Health Check

  • concept
    +
    Health Check provides ping() and diagnostics() tests for the health of the network and the cluster.

    Ping and diagnostics methods, on the bucket and cluster objects respectively, can give us information about the current state of nodes, and their connections.

    Uses

    'Ping` provides a raw JSON payload suitable for feeding into reactive log and aggregation components, including monitoring systems like Splunk, ElasticSearch, and Nagios. It can also help keep connections alive if you are operating across an environment which aggressively closes down unused connections.

    Diagnostics provides a strongly typed API for proactive, pull-based monitoring systems, such as:

    This API does not provide binary yes/no answers about the health of the cluster; rather it summarizes as much information as possible, for the application developer to assemble a complete, contextual view and come to a conclusion.

    Note: Ping may reopen a connection, so is not without side-effects. Diagnostics shows what the SDK perceives as the current state of the network and services — it is without side-effects, but may not be up to date.

    Ping

    Ping actively queries the status of the specified services,giving status and latency information for every node reachable. In addition to its use as a monitoring tool, a regular Ping can be used in an environment which does not respect keep alive values for a connection.

    The return value is a PingResult containing detail about the report including a services field. The services field is a map of service type (e.g. ServiceTypeKeyValue or ServiceTypeQuery) to the value containing latency and status information.
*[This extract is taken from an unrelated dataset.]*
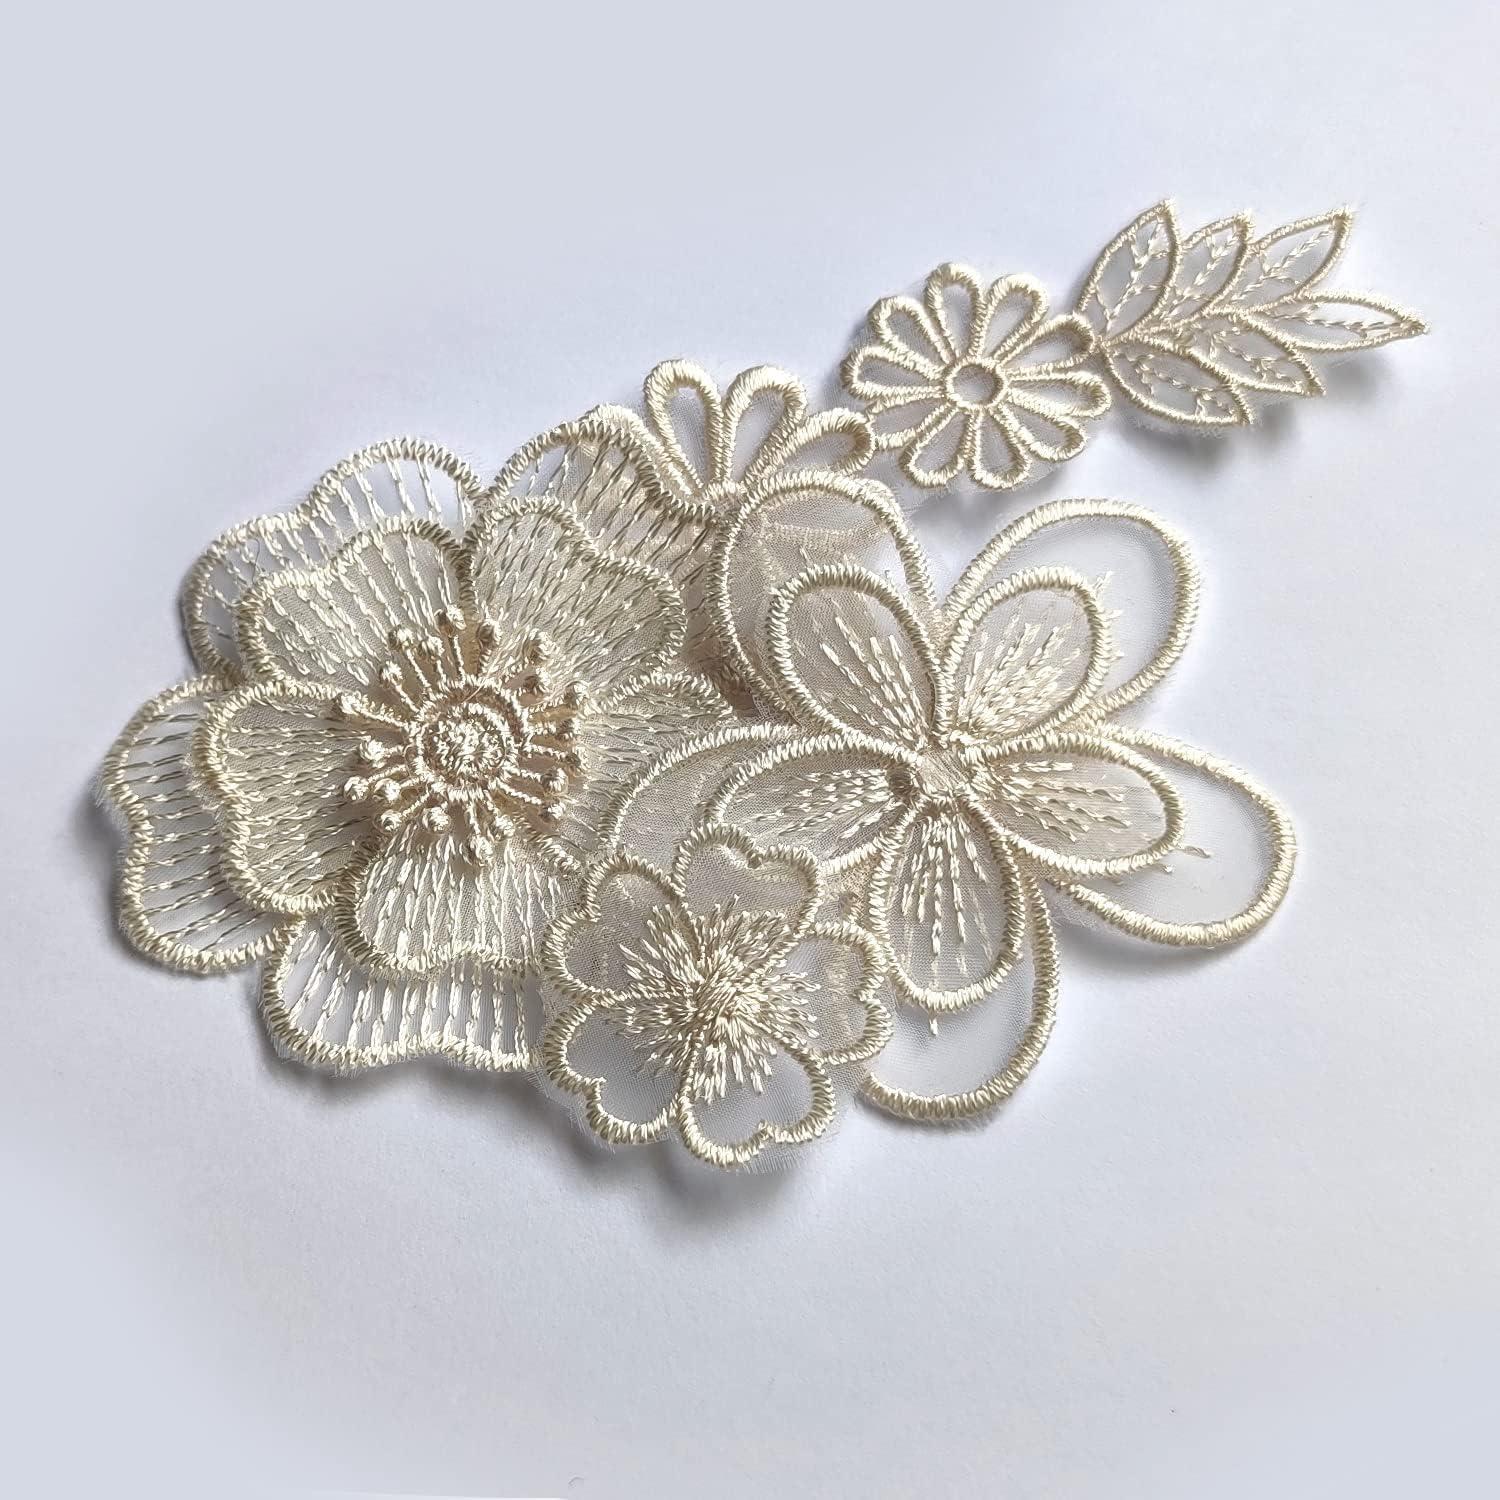 Qililandiy 10 Pcs Beige Mixed Style Embroidery Lace Flower Patches

The report also supports being exported to JSON for purposes such as logging.

    	// We'll ping the KV nodes in our cluster.
    	pings, err := bucket.Ping(&gocb.PingOptions{
    		ReportID:     "my-report",                                  (1)
    		ServiceTypes: []gocb.ServiceType{gocb.ServiceTypeKeyValue}, (2)
    	})
    	if err != nil {
    		panic(err)
    	}
    
    	for service, pingReports := range pings.Services {
    		if service != gocb.ServiceTypeKeyValue {
    			panic("we got a service type that we didn't ask for!")
    		}
    
    		for _, pingReport := range pingReports {
    			if pingReport.State != gocb.PingStateOk {
    				fmt.Printf(
    					"Node %s at remote %s is not OK, error: %s, latency: %s\n",
    					pingReport.ID, pingReport.Remote, pingReport.Error, pingReport.Latency.String(),
    				)
    			} else {
    				fmt.Printf(
    					"Node %s at remote %s is OK, latency: %s\n",
    					pingReport.ID, pingReport.Remote, pingReport.Latency.String(),
    				)
    			}
    		}
    	}
    
    	b, err := json.Marshal(pings) (3)
    	if err != nil {
    		panic(err)
    	}
    
    	fmt.Printf("Ping report JSON: %s", string(b))
    1 ReportID is optional and assigns a name to this report, if empty then a uuid will be assigned.
    2 ServiceTypes are which services to ping against.
    3 The report can be marshalled down into JSON in a human friendly format.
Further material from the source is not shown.